Tidak bisa kita pungkiri bahwa salah satu penyebab Nahdlatul Ulama hadir sebagai sebuah lembaga , antara lain, sebagai reaksi atas gerakan puritanisme Wahabi yang gemar menuding pihak lain sebagai ahli bid’ah dan sesat. Tak henti – hentinya kaum wahabi terus mempersoalkan tradisi tersebut dan menganggap upaya untuk membersihkannya dari muka bumi sebagai jihad suci yang jika perlu bisa dilakukan dengan prinsip Fasist yang cenderung menghalalkan segala cara.
Pada dasarnyan NU adalah sebuah identitas kultural keagamaan yang dianut mayoritas umat Islam Nusantara.
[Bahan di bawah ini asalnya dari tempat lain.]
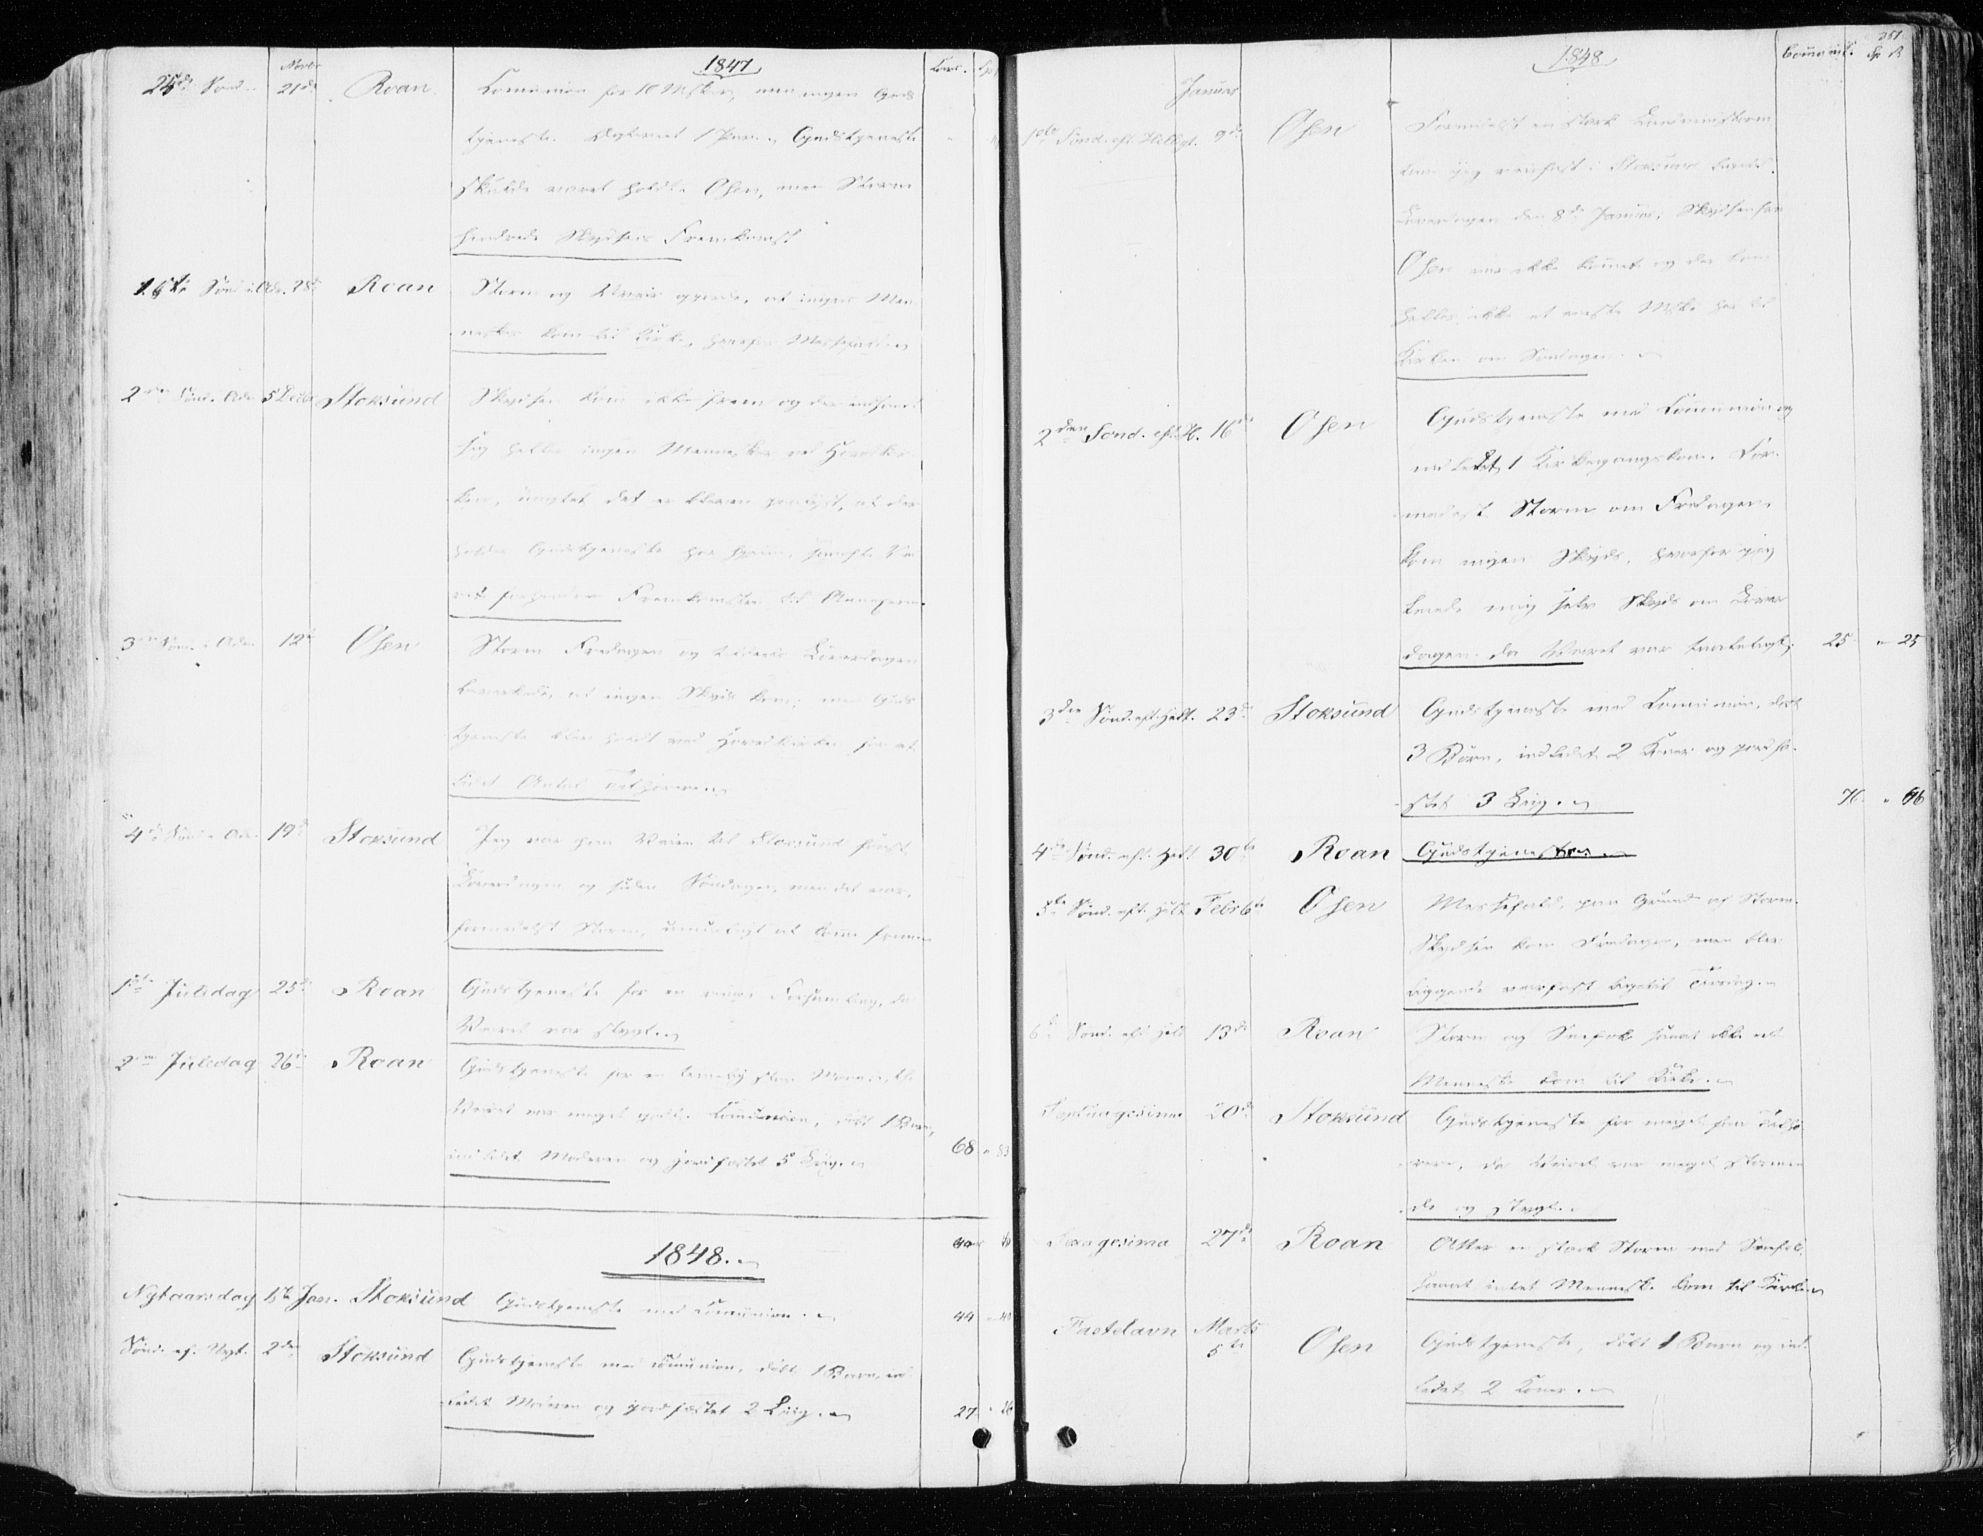 SAT, Ministerialprotokoller, klokkerbøker og fødselsregistre - Sør-Trøndelag, 657/L0704: Ministerialbok nr. 657A05, 1846-1857, s. 351

Apapun jabatan dan profesinya, apapun pendidikan dan keahliannya, apapun partai dan pilihan politiknya, jika sholat subuh membaca Qunut, ketika keluarganya meninggal melakukan tadarrus dan tahlil, atau ketika bulan Maulud mereka gemar mendendangkan syair puji – pujian dan sholawat untuk kanjeng Nabi Muhammad, minimal tidak membid’ahkannya, berarti mereka adalah orang – orang NU.
Cacian, hujatan terhadap perilaku dan tradisi keberagamaan NU seakan tak pernah berhenti dan terus mengalami ujian eksistensi. Terlebih akhir ikhir ini semakin banyak gerakan “Islam Baru” yang gencar melakukan ekspansi ke kantong dan basdis basis NU. Hal I ini dilakukan sembari mengkampanyekan bahwa Sebagaian besar amalan ibadah NU adalah Bid’ah / mengada – ada perbuatan dalam beribadah yang tidak diajarkan oleh agama ( Rosulullah ). Sehingga mereka menyerukan langsung merujuk kepada Al Qur’an dan Hadits.
Melihat keadaan yang demikian mestinya kita tidak bisa tinggal diam. Terlebih sudah banyak jama’ah nahdliyin yang sudah mulai goyah dan “kepincut” dengan kampanye mereka. Keadaan semakin parah ketika didapati kenyataan bahwa kebanyakan dari mereka yang mulai goyah adalah kader muda yang mempunya potensi akademik tinggi atau minimal mengenyam pendidikan di Lembaga pendiodikan yang bonafide. Sementara dasar keberagamaan mereka lemah. Nah, dalam kerangka inilah perlu kiranya kita melacak ulang Dasar hukum, rasionalisasi dari tradisi, perilaku keagamaan kita. 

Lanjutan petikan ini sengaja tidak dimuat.